• [EXTRACTED INFORMATION]
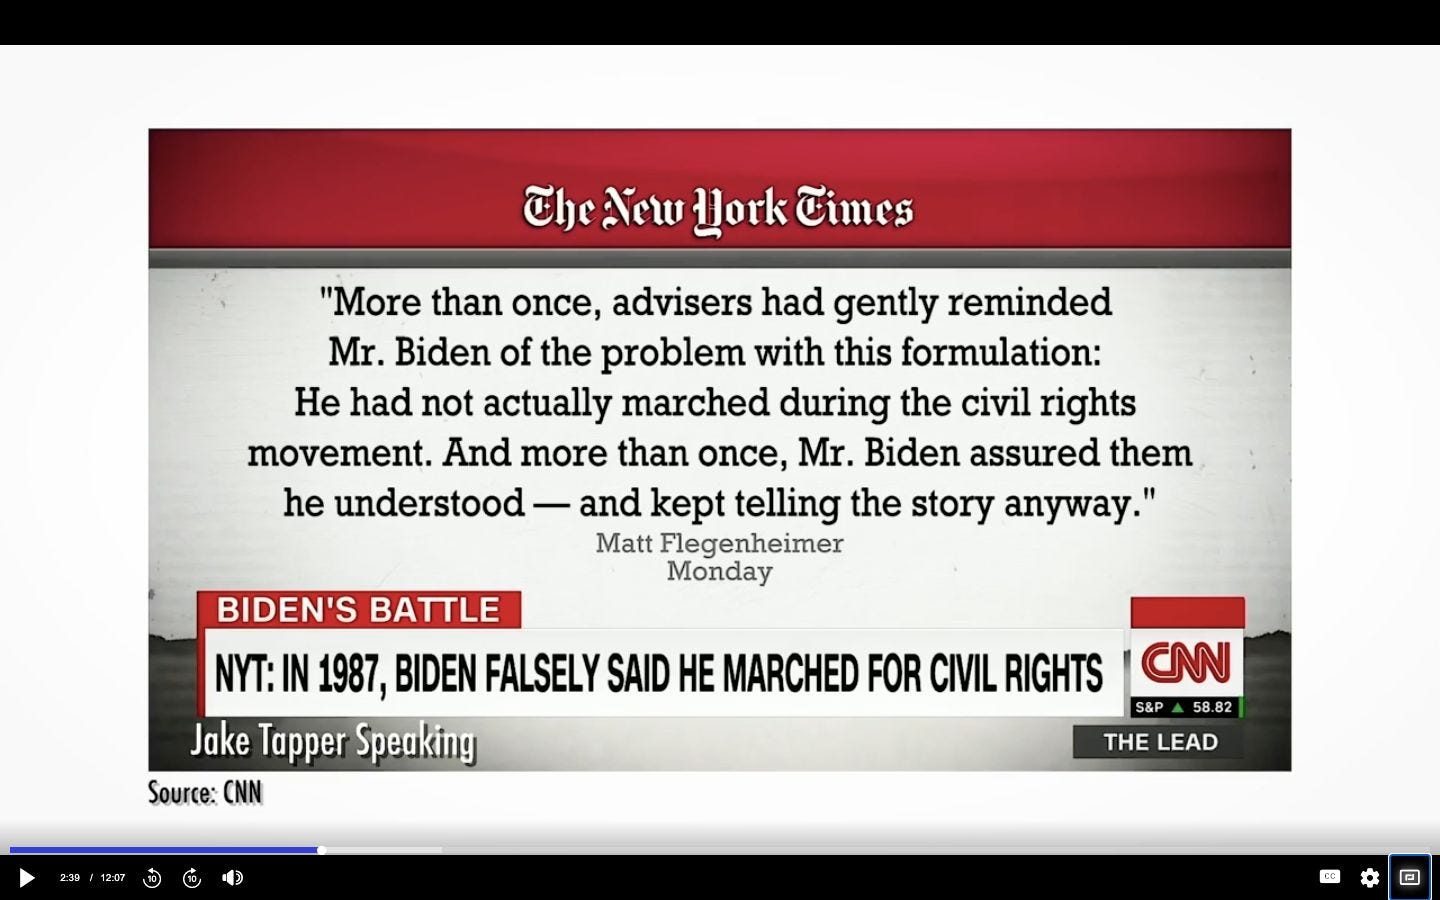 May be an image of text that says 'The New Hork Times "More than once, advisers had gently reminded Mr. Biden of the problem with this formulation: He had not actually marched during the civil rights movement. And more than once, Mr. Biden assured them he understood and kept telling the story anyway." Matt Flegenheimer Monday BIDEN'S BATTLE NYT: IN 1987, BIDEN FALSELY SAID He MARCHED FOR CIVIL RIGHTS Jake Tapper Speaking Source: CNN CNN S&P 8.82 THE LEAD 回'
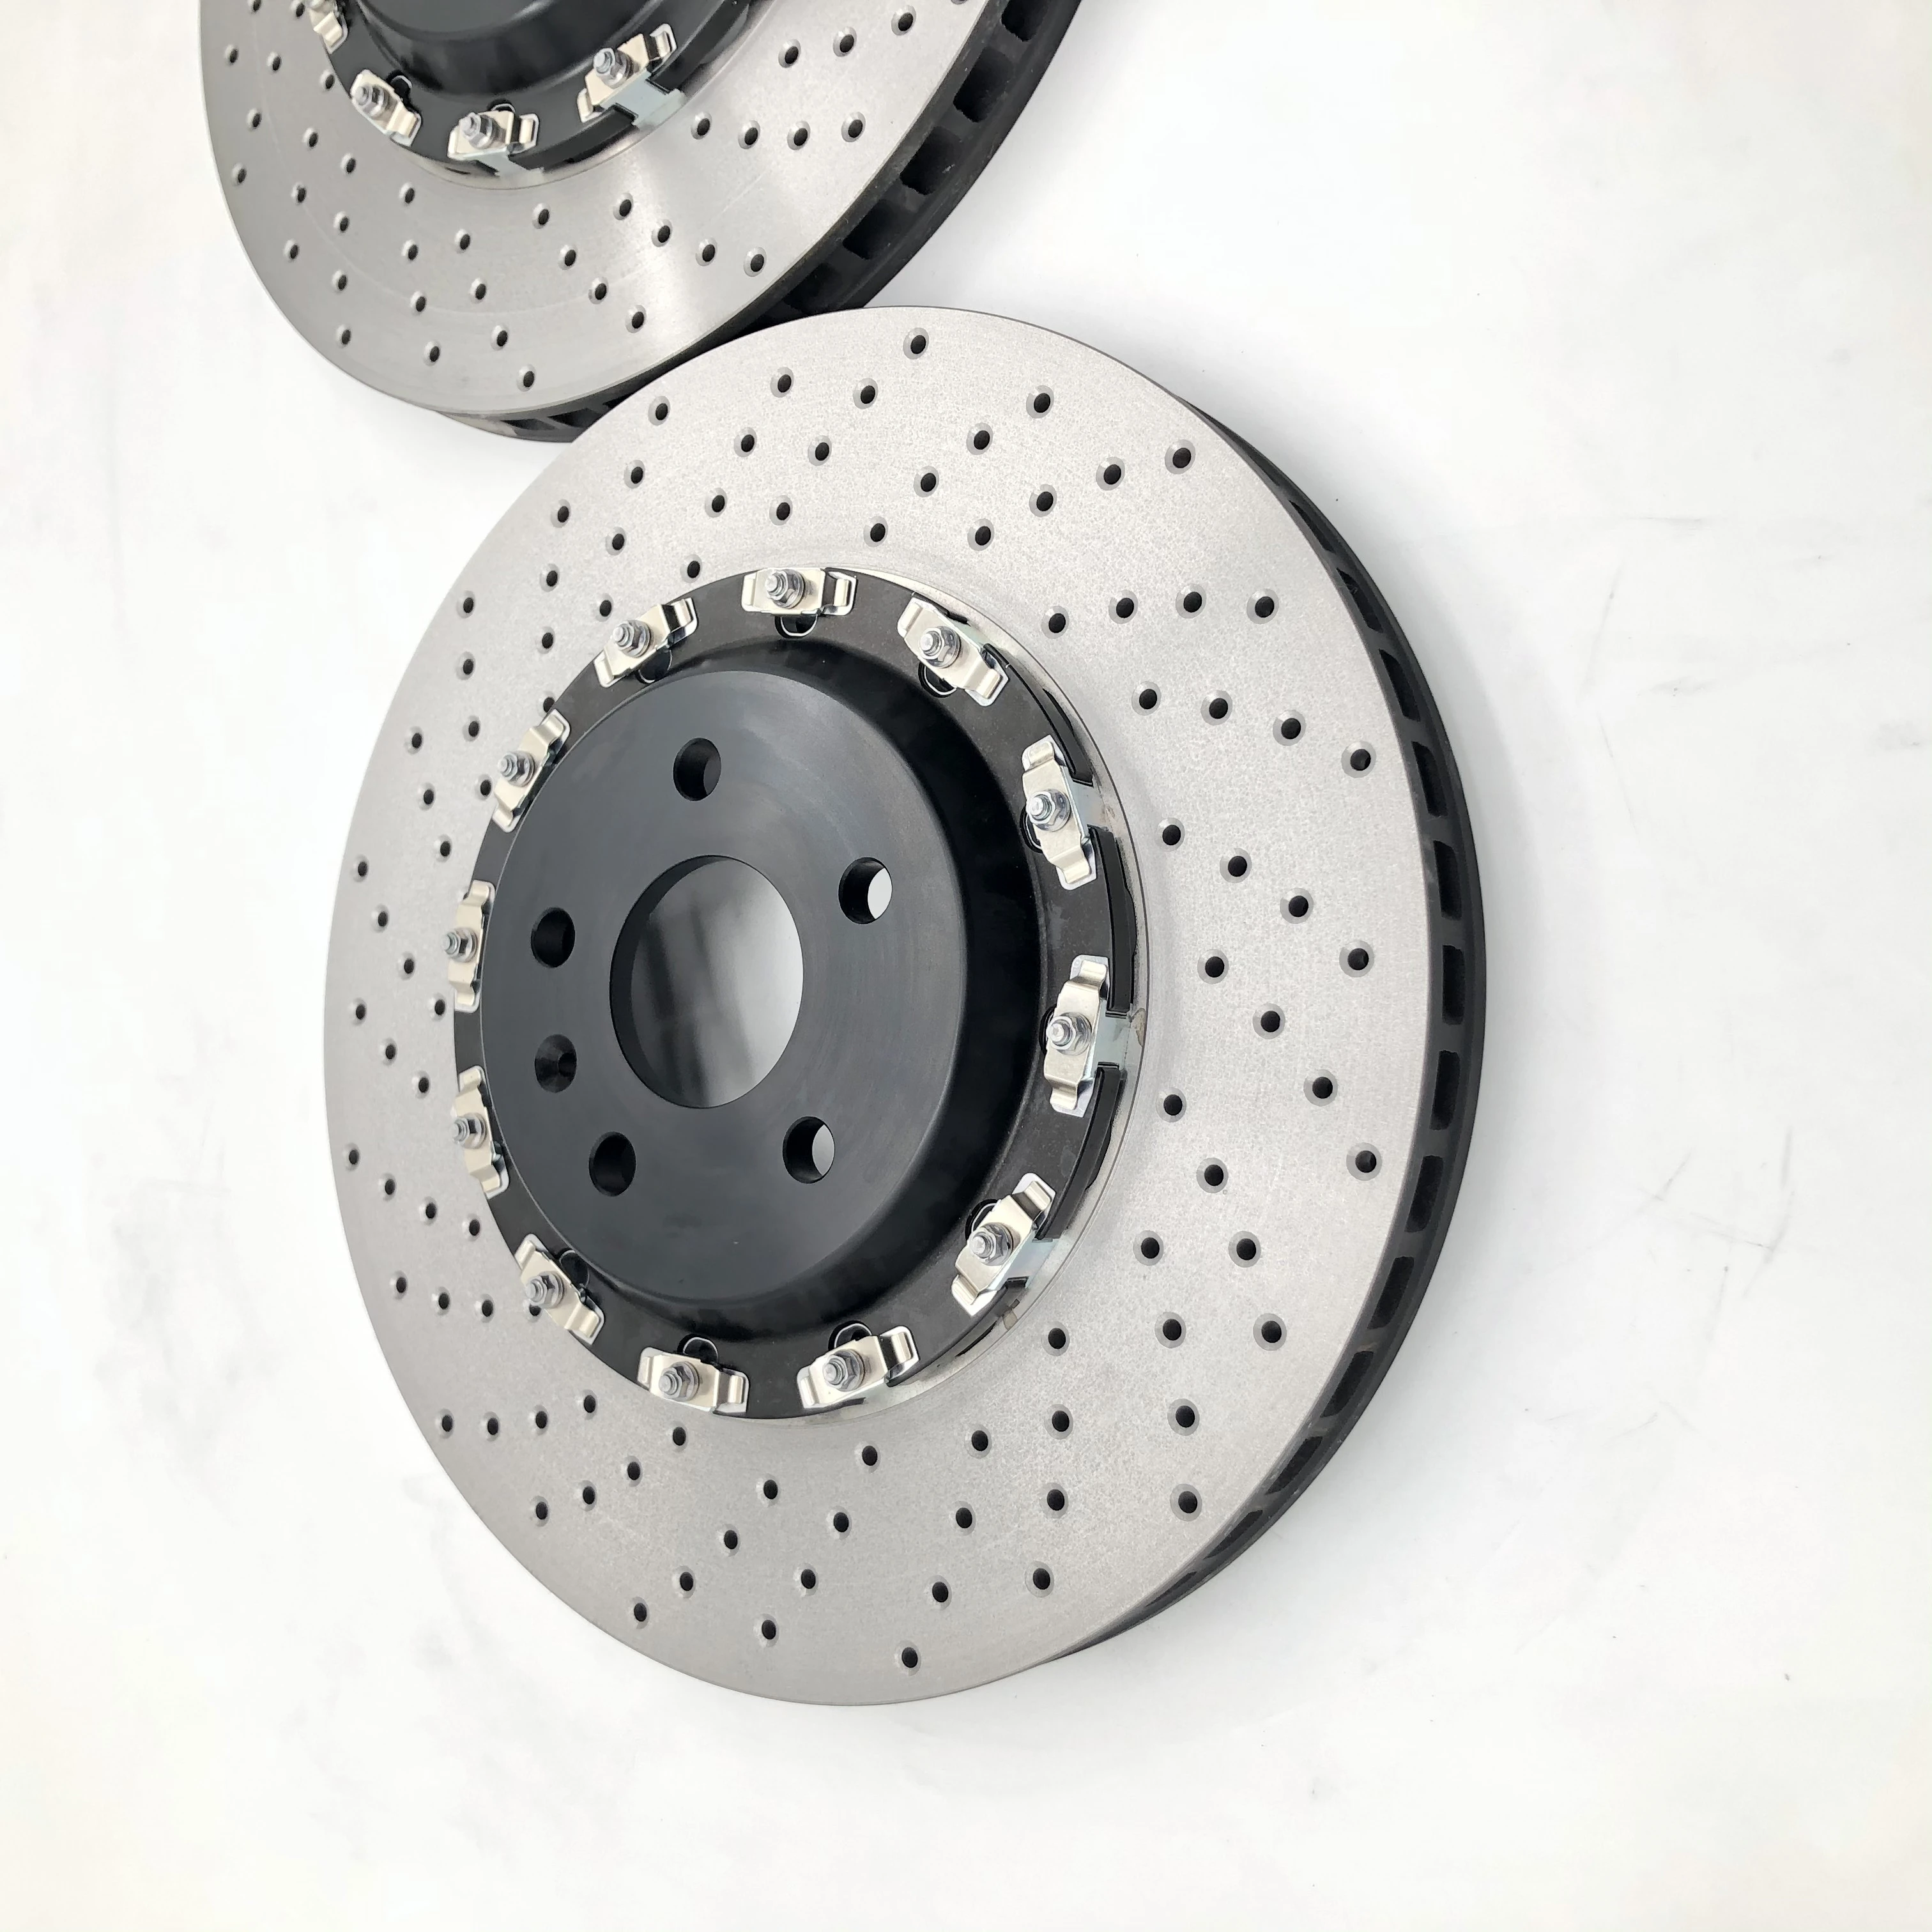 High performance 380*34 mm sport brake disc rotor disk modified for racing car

==

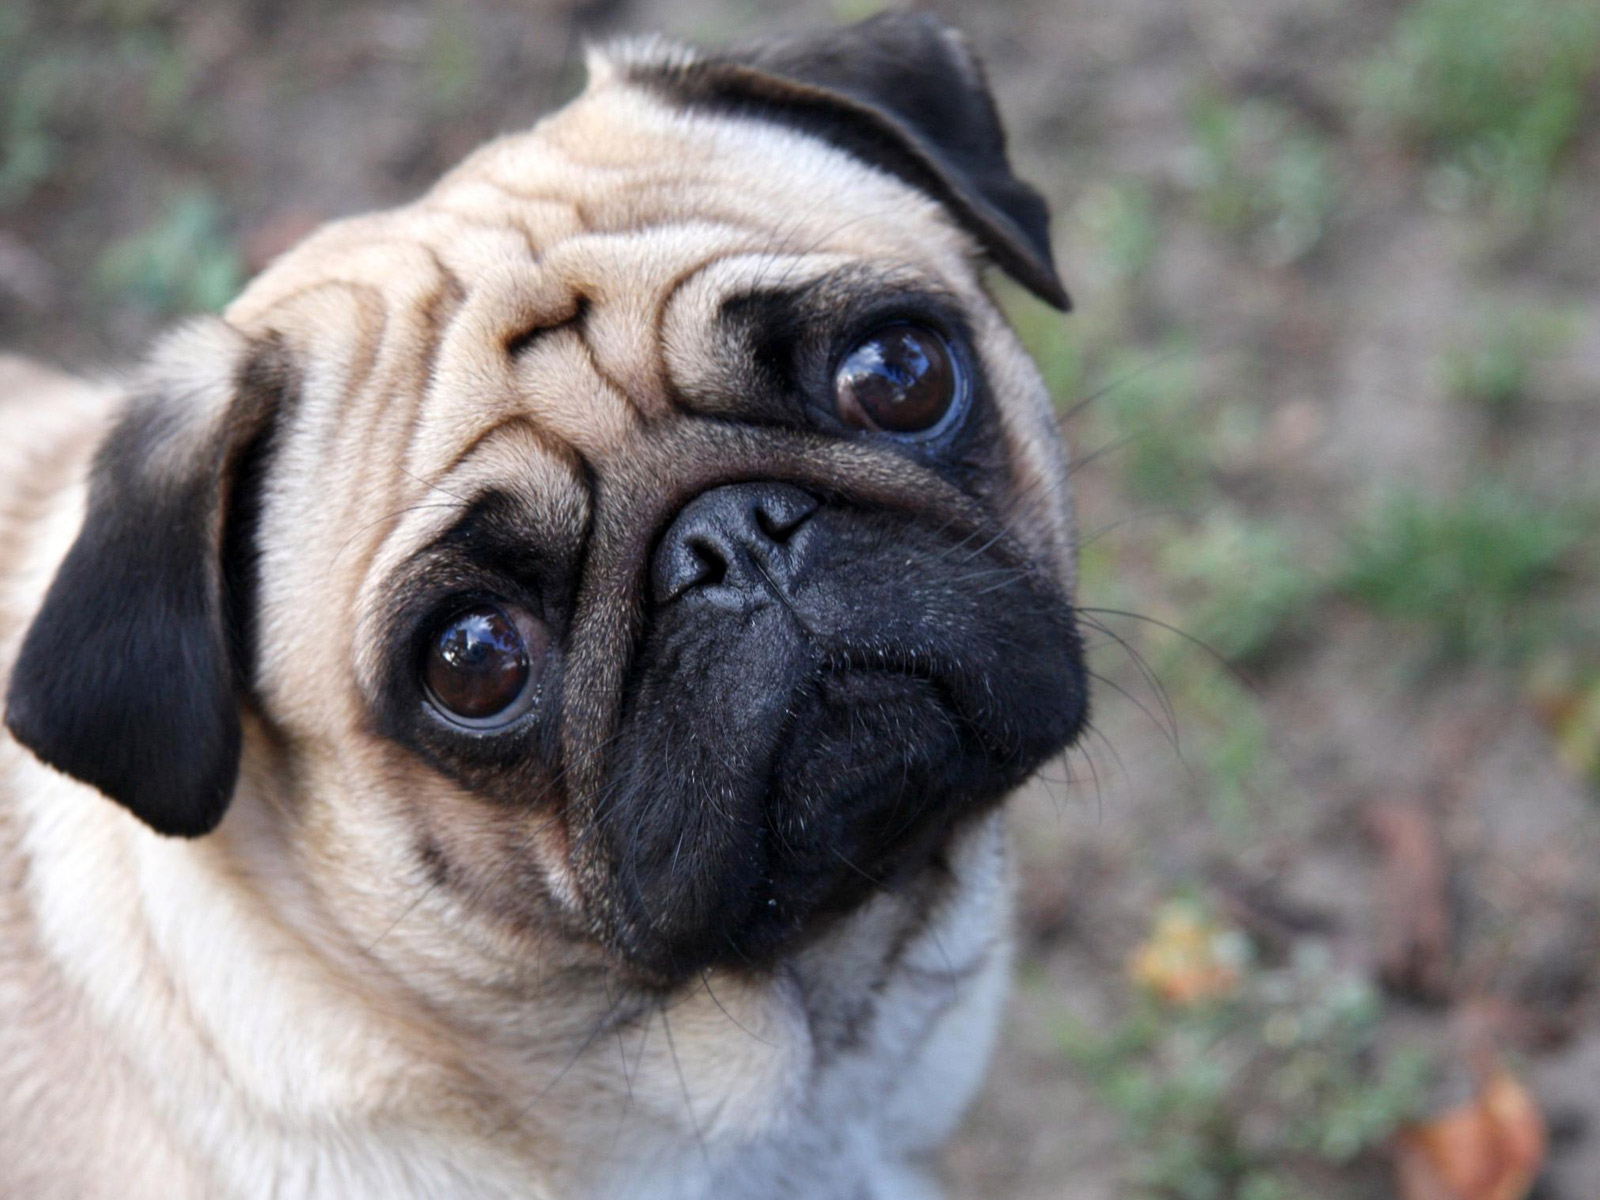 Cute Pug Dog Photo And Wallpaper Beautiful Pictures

• [BRIEF] Between and including the line above that contains "May be an image" and the line that contains "High performance 380*34", restate every line word for word. Pictures stay out.

• [EXERCISE OUTPUT]
 May be an image of text that says 'The New Hork Times "More than once, advisers had gently reminded Mr. Biden of the problem with this formulation: He had not actually marched during the civil rights movement. And more than once, Mr. Biden assured them he understood and kept telling the story anyway." Matt Flegenheimer Monday BIDEN'S BATTLE NYT: IN 1987, BIDEN FALSELY SAID He MARCHED FOR CIVIL RIGHTS Jake Tapper Speaking Source: CNN CNN S&P 8.82 THE LEAD 回'
 High performance 380*34 mm sport brake disc rotor disk modified for racing car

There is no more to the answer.